** DATA BLOCK follows **

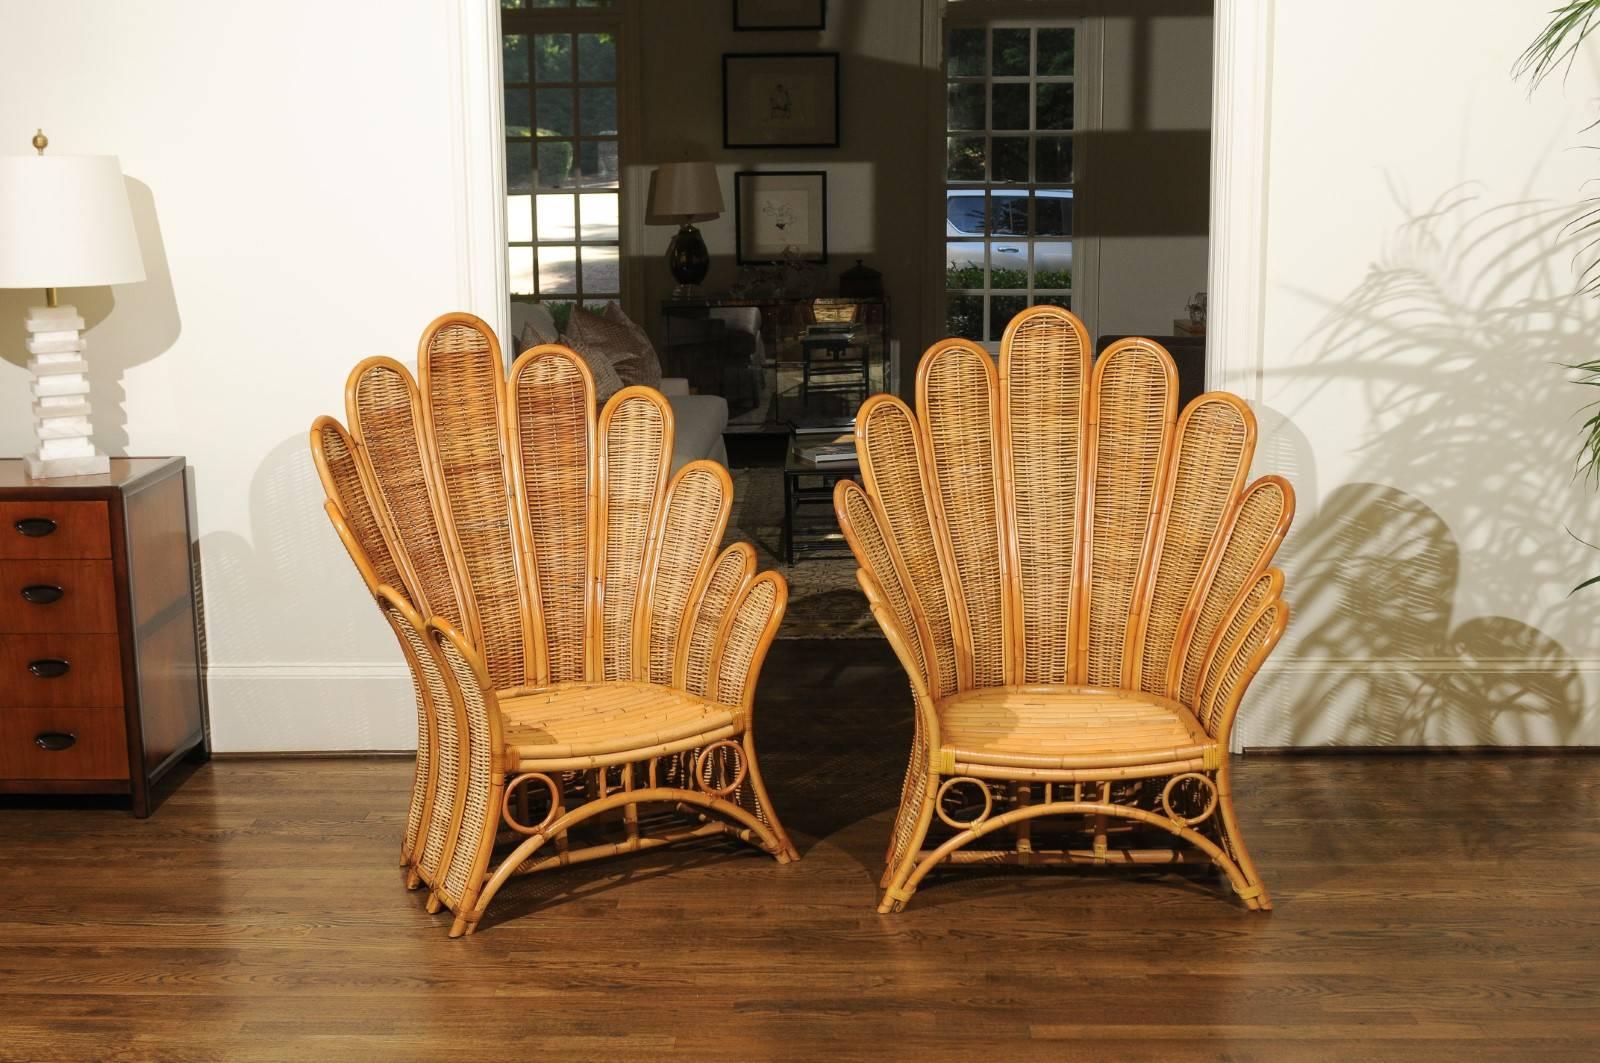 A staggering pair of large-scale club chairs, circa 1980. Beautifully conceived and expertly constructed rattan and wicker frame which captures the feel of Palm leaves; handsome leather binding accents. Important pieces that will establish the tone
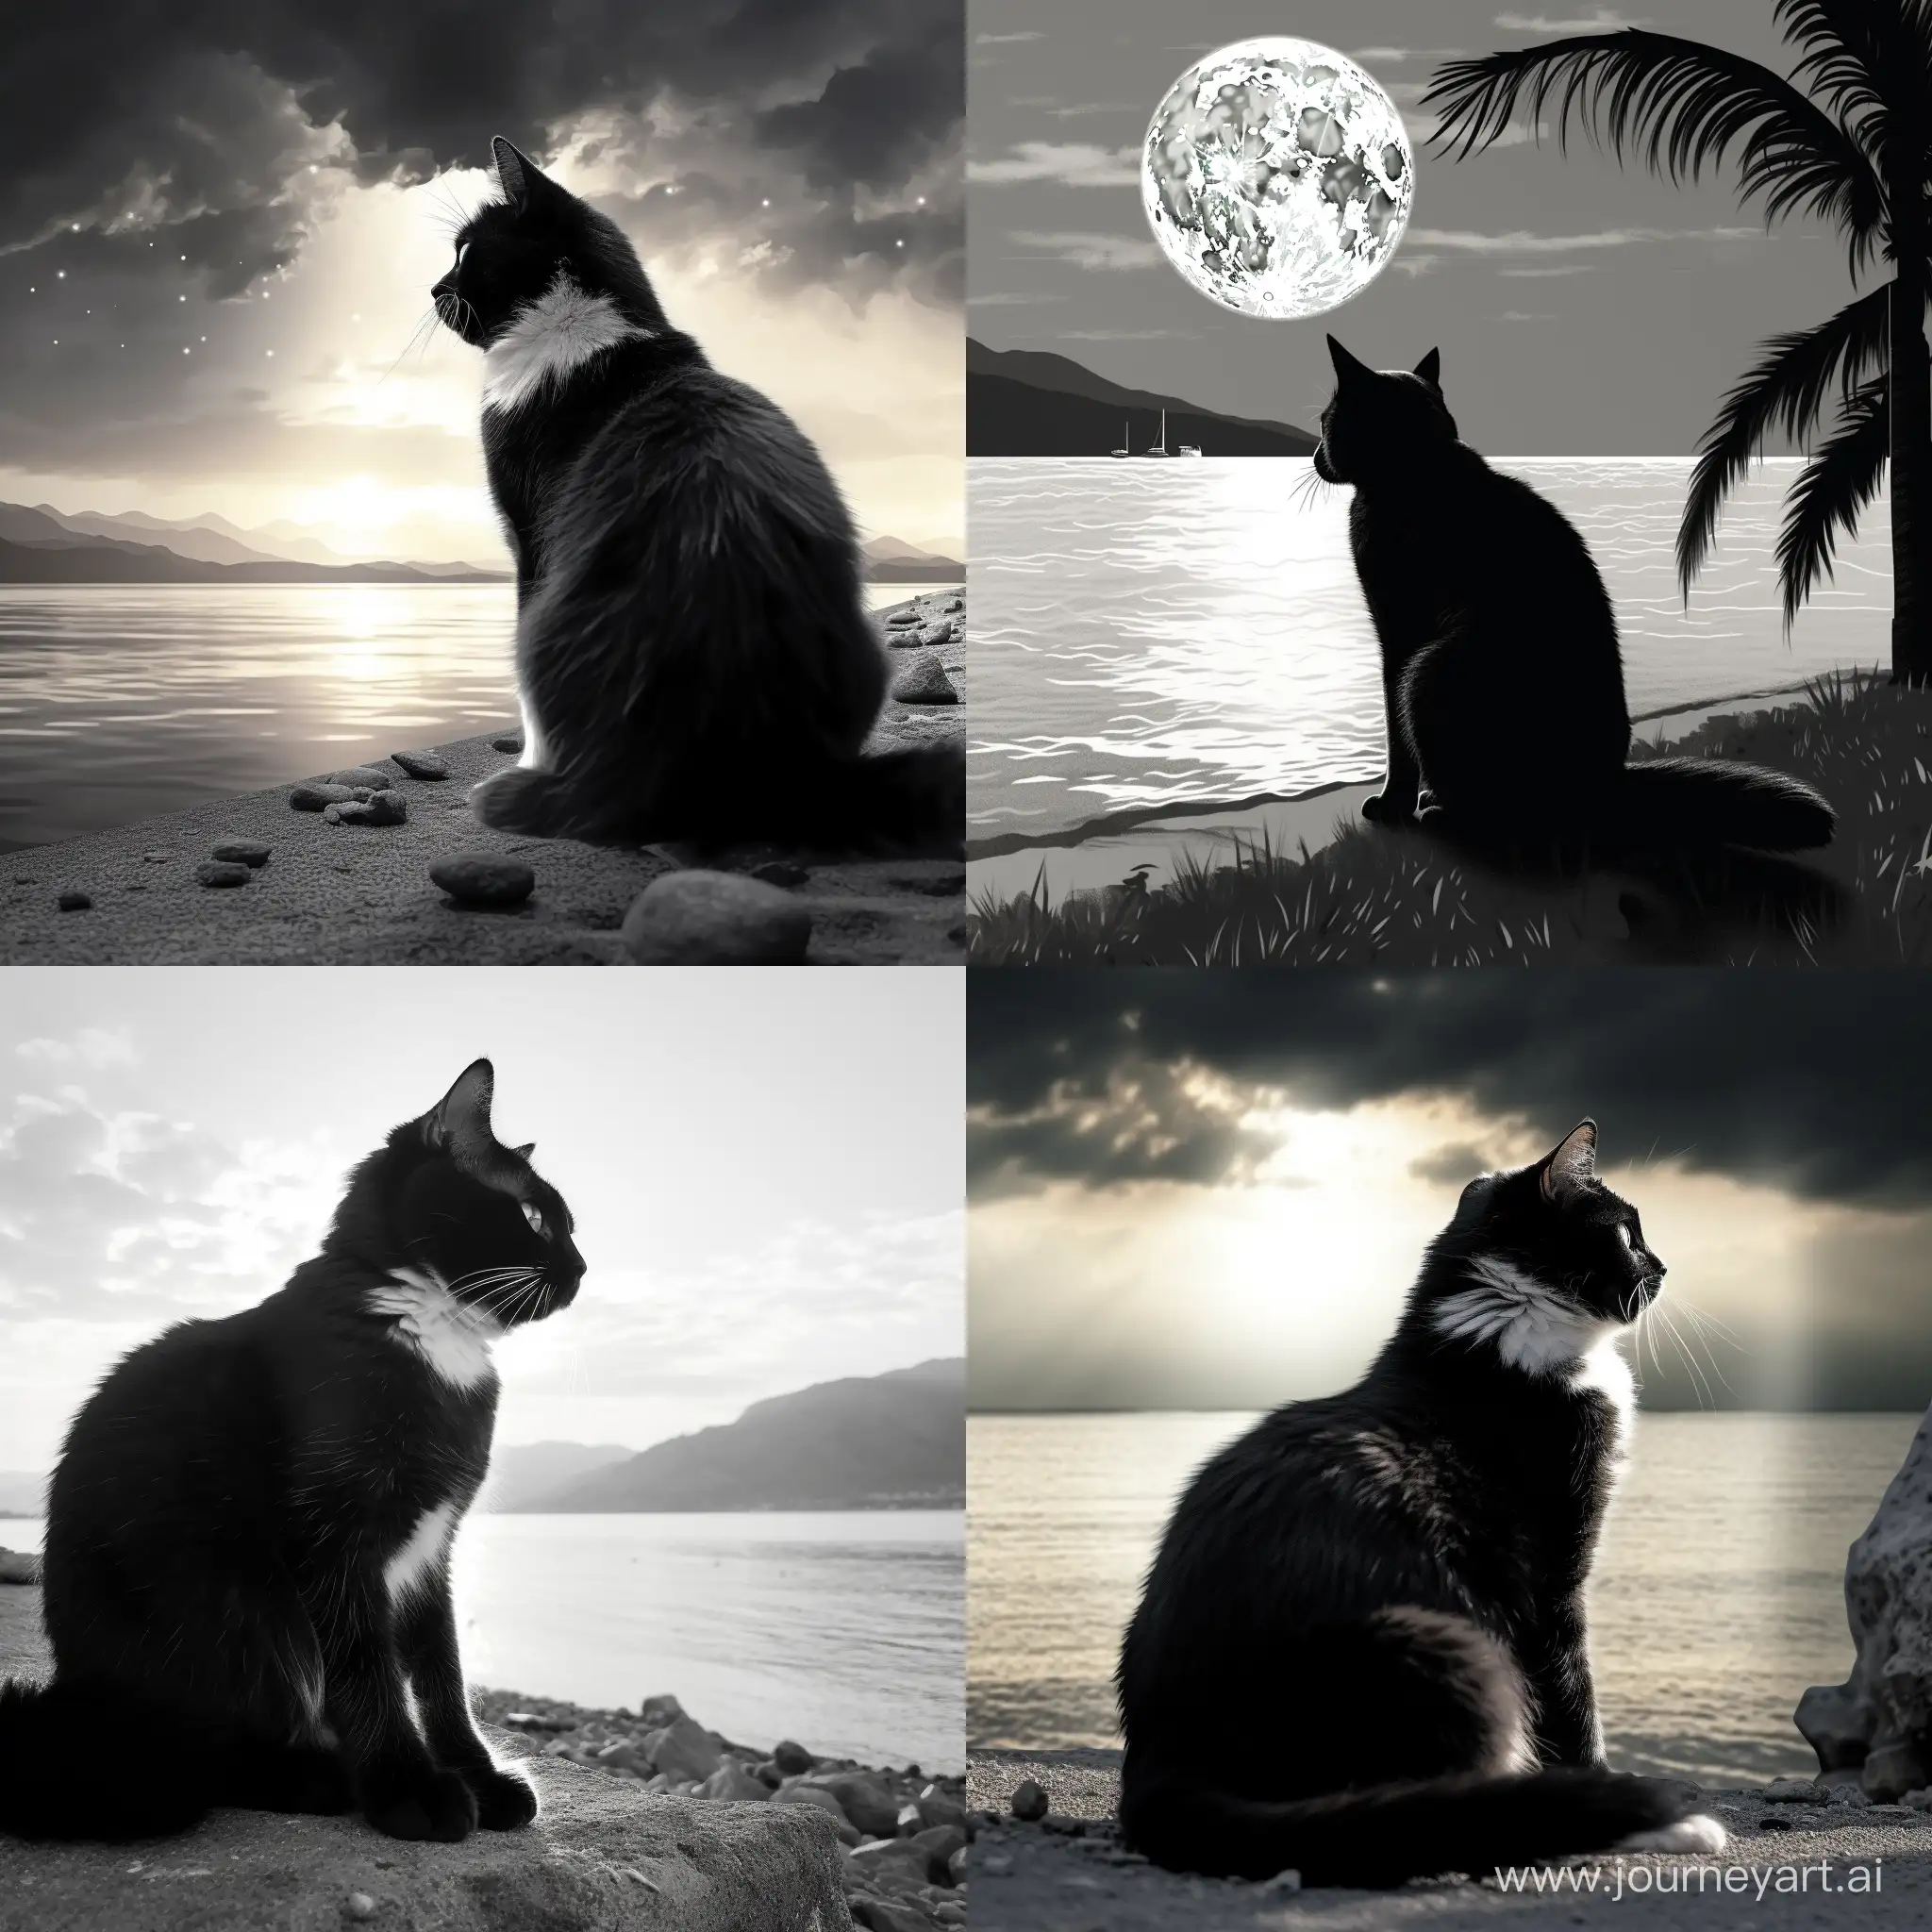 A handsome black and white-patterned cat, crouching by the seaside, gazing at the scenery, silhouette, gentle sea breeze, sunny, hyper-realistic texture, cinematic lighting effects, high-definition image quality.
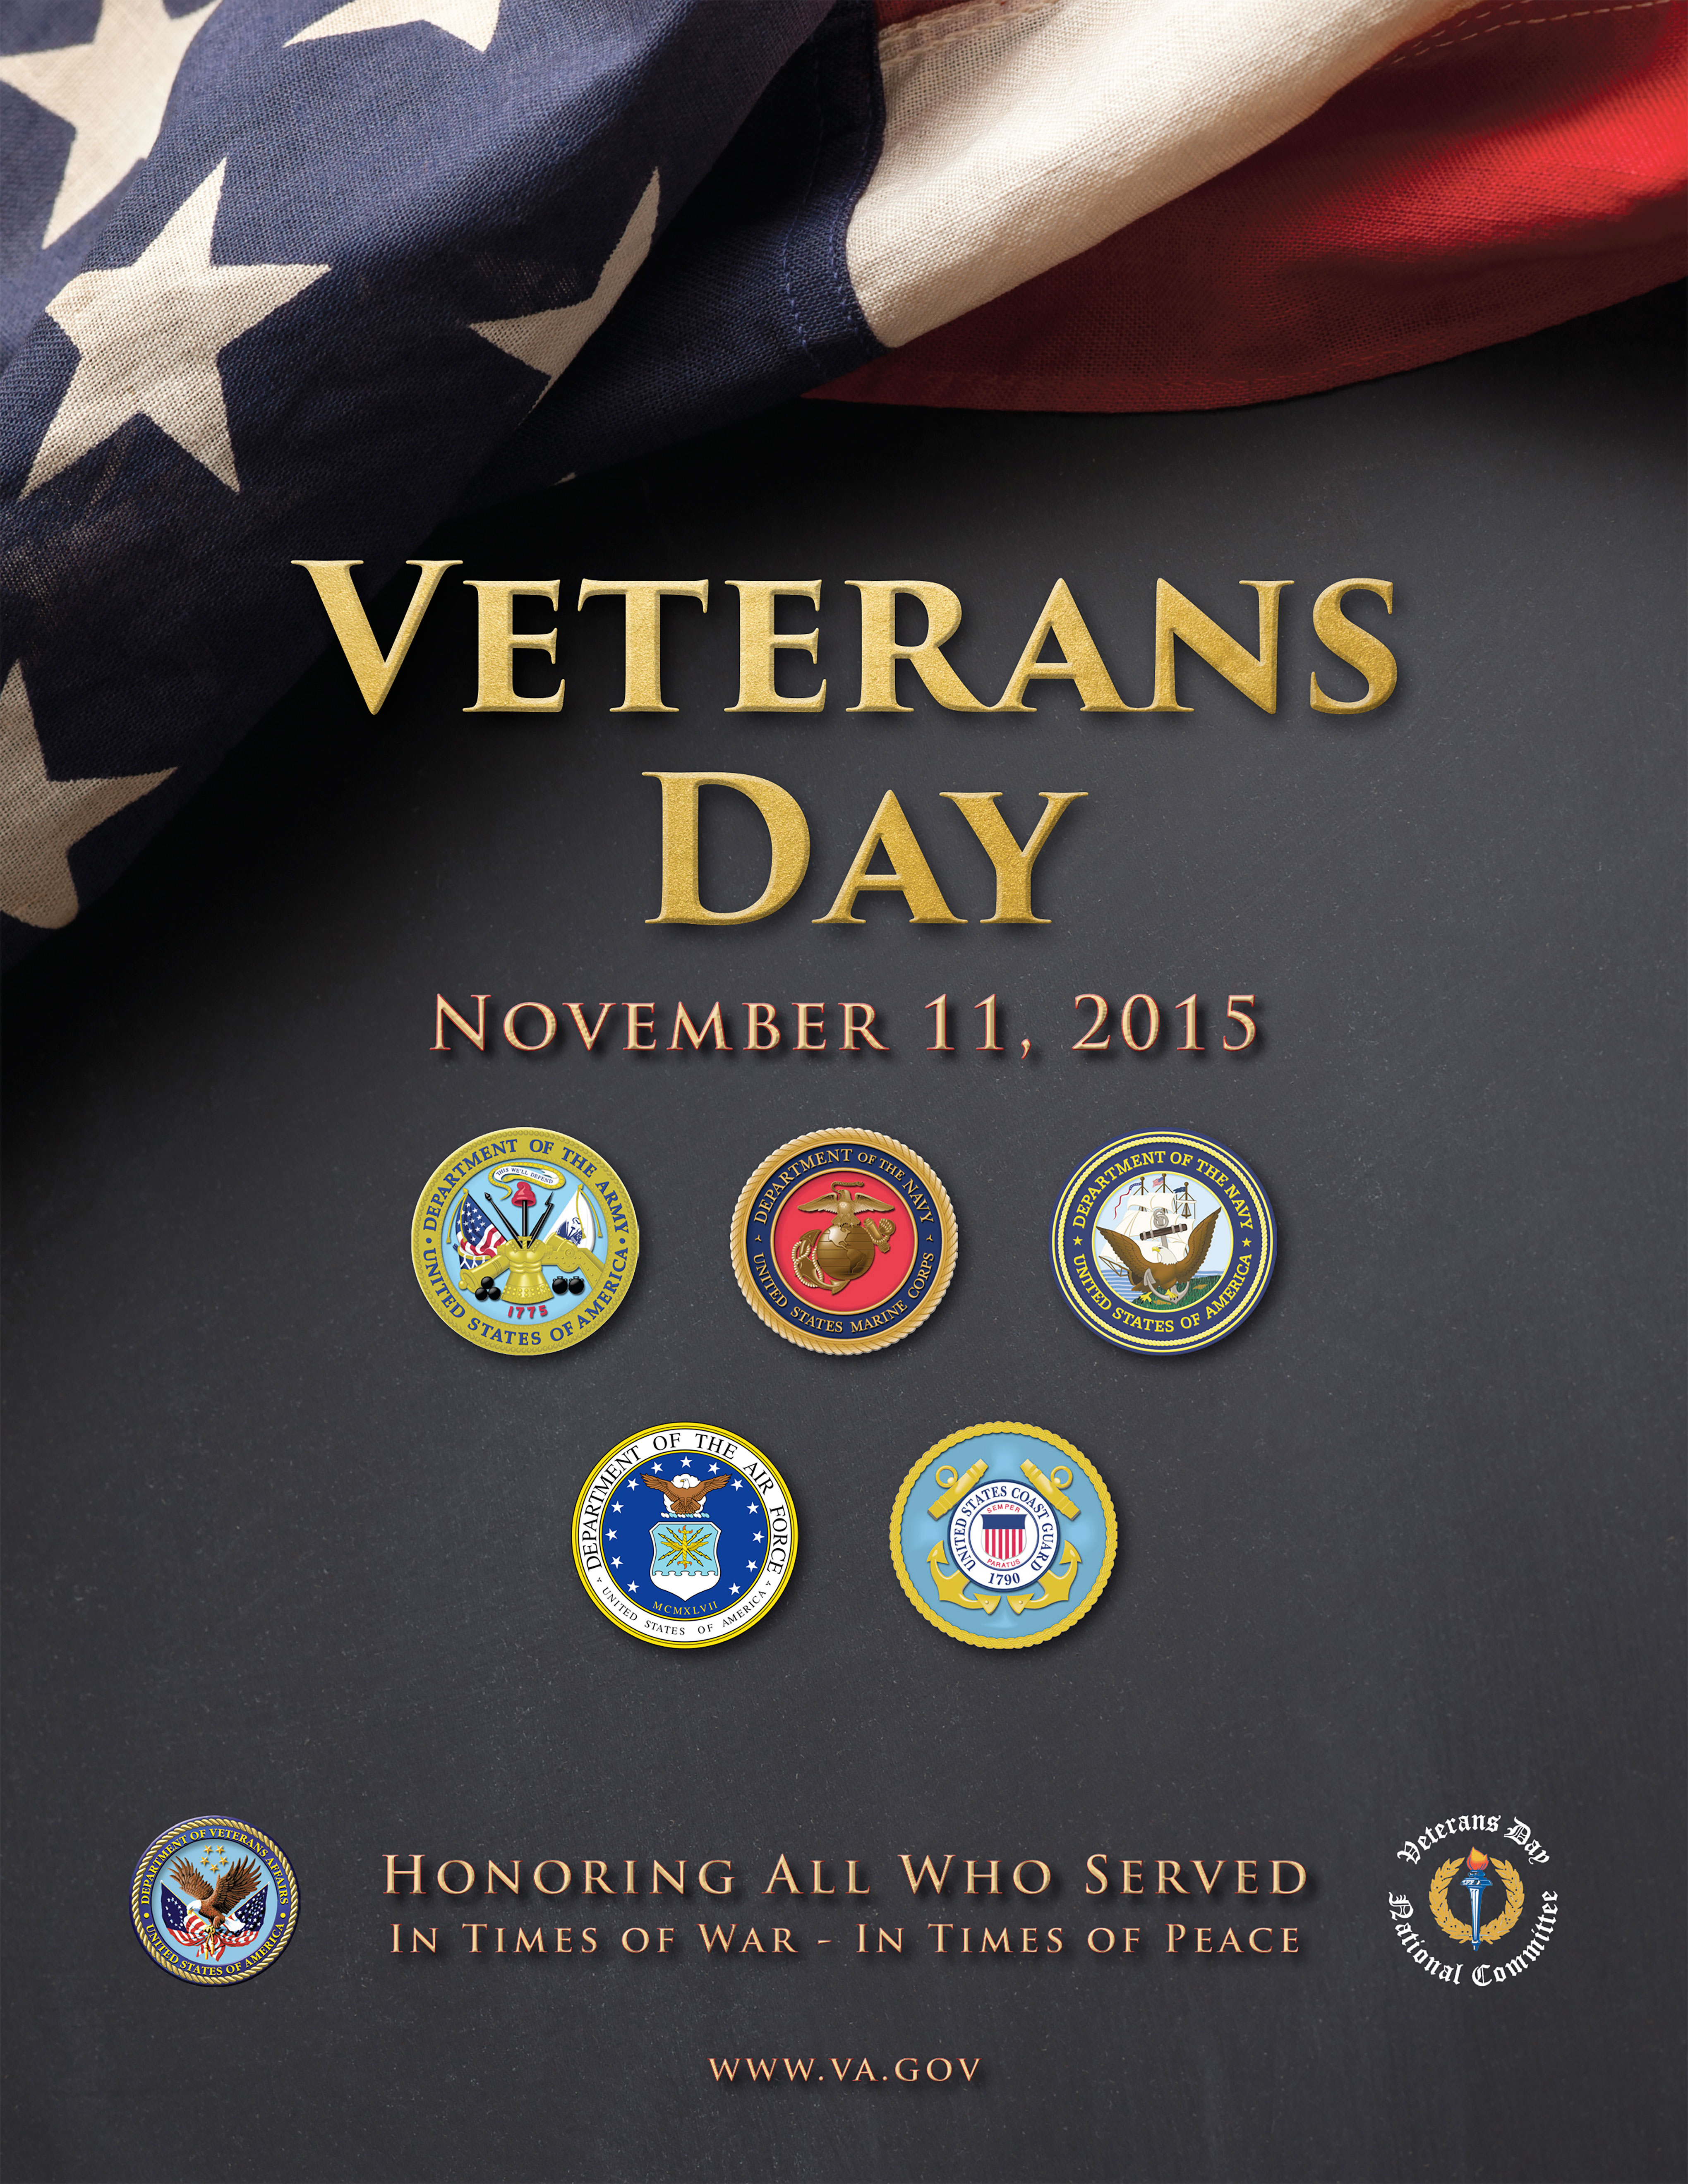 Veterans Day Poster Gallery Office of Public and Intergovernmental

** End of DATA BLOCK **

◆ TASK DESCRIPTION:
Only the words belong in your copy: restate the data above exactly and leave the images out.

◆ ANSWER SPACE:
 A staggering pair of large-scale club chairs, circa 1980. Beautifully conceived and expertly constructed rattan and wicker frame which captures the feel of Palm leaves; handsome leather binding accents. Important pieces that will establish the tone
 A handsome black and white-patterned cat, crouching by the seaside, gazing at the scenery, silhouette, gentle sea breeze, sunny, hyper-realistic texture, cinematic lighting effects, high-definition image quality.
 Veterans Day Poster Gallery Office of Public and Intergovernmental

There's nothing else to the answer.